The force (F) exerted by the spring when the mass is suspended is given by:
F = k1 * Δx1
The force acting on the mass is also equal to the weight of the mass:
F = m * g
So we can write the equation as:
k1 * Δx1 = m * g
Plugging in the given values, we get:
k1 * 0.062 m = 0.275 kg * 9.80 m/s²
Solving for k1, we get:
k1 = (0.275 * 9.80) / 0.062 = 43.4 N/m
Now, we need to find the amount S1 is stretched (Δx1s) when the elastic potential energy of the two springs is the same.

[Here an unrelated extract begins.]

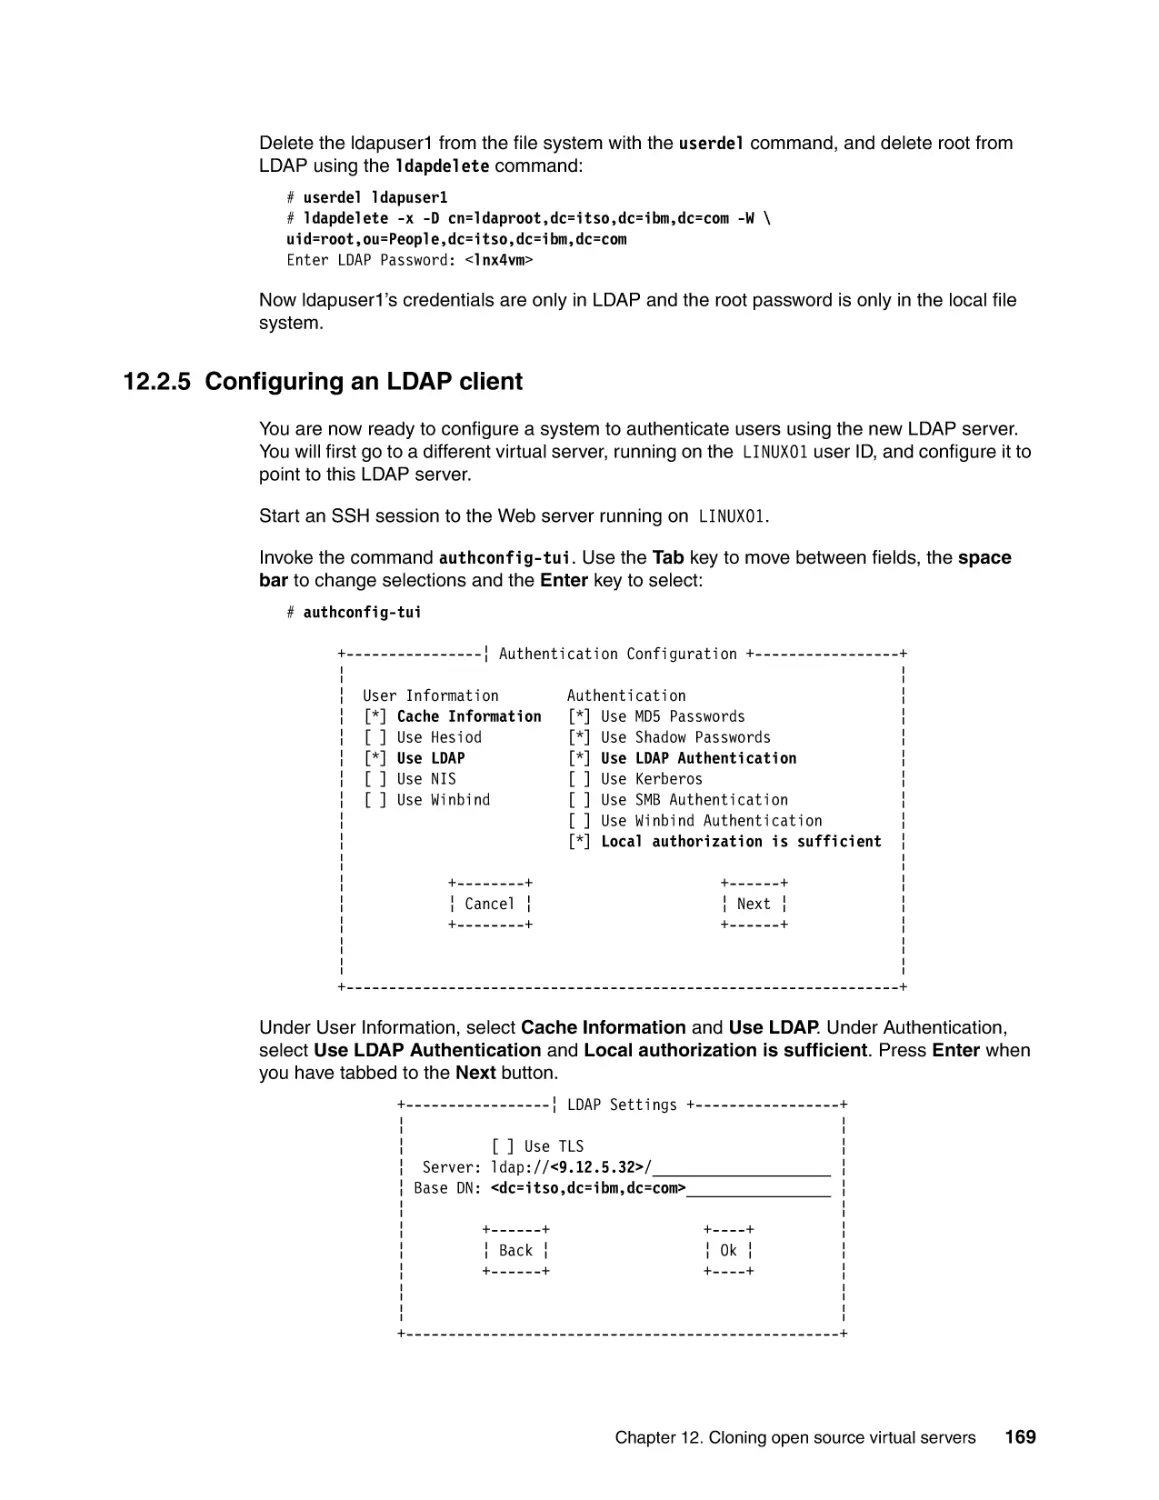 12.2.5 Configuring an LDAP client
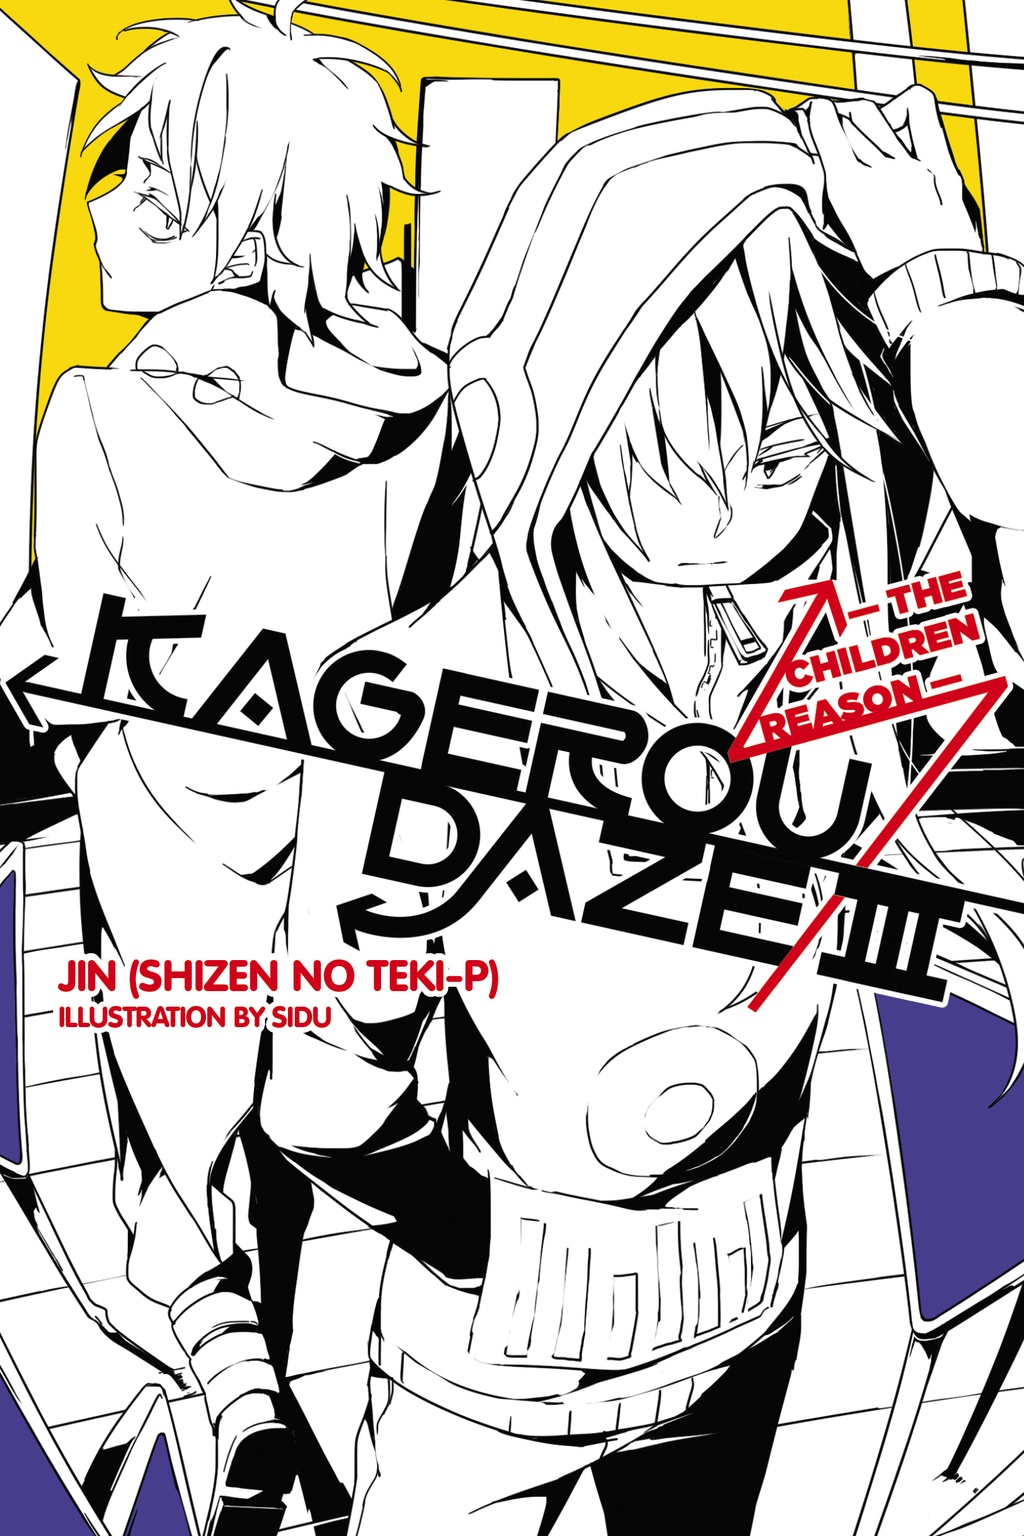 Kagerou Daze III -the children reason- | Kagerou Project Wiki | Fandom

The elastic potential energy (PE) of a spring is given by the formula:
PE = (1/2) * k * (Δx)²
We need to find the total elastic potential energy of the system when the elastic potential energy of the two springs is equal. Therefore, we have:
(1/2) * k1 * (Δx1s)² = (1/2) * k2 * (Δx1 - Δx1s)²
Solving for Δx1s, we get:
(43.4 N/m) * (Δx1s)² = (94.0 N/m) * [0.062 m - Δx1s)]²
We have a quadratic equation in terms of Δx1s. Dividing both sides by (1/2), we get:
(43.4) * (Δx1s)² = (94.0) * [0.062 - Δx1s]²
Expanding the expression, we get:
43.4 * Δx1s² = 94.0 * (0.003844 - 0.124Δx1s + Δx1s²)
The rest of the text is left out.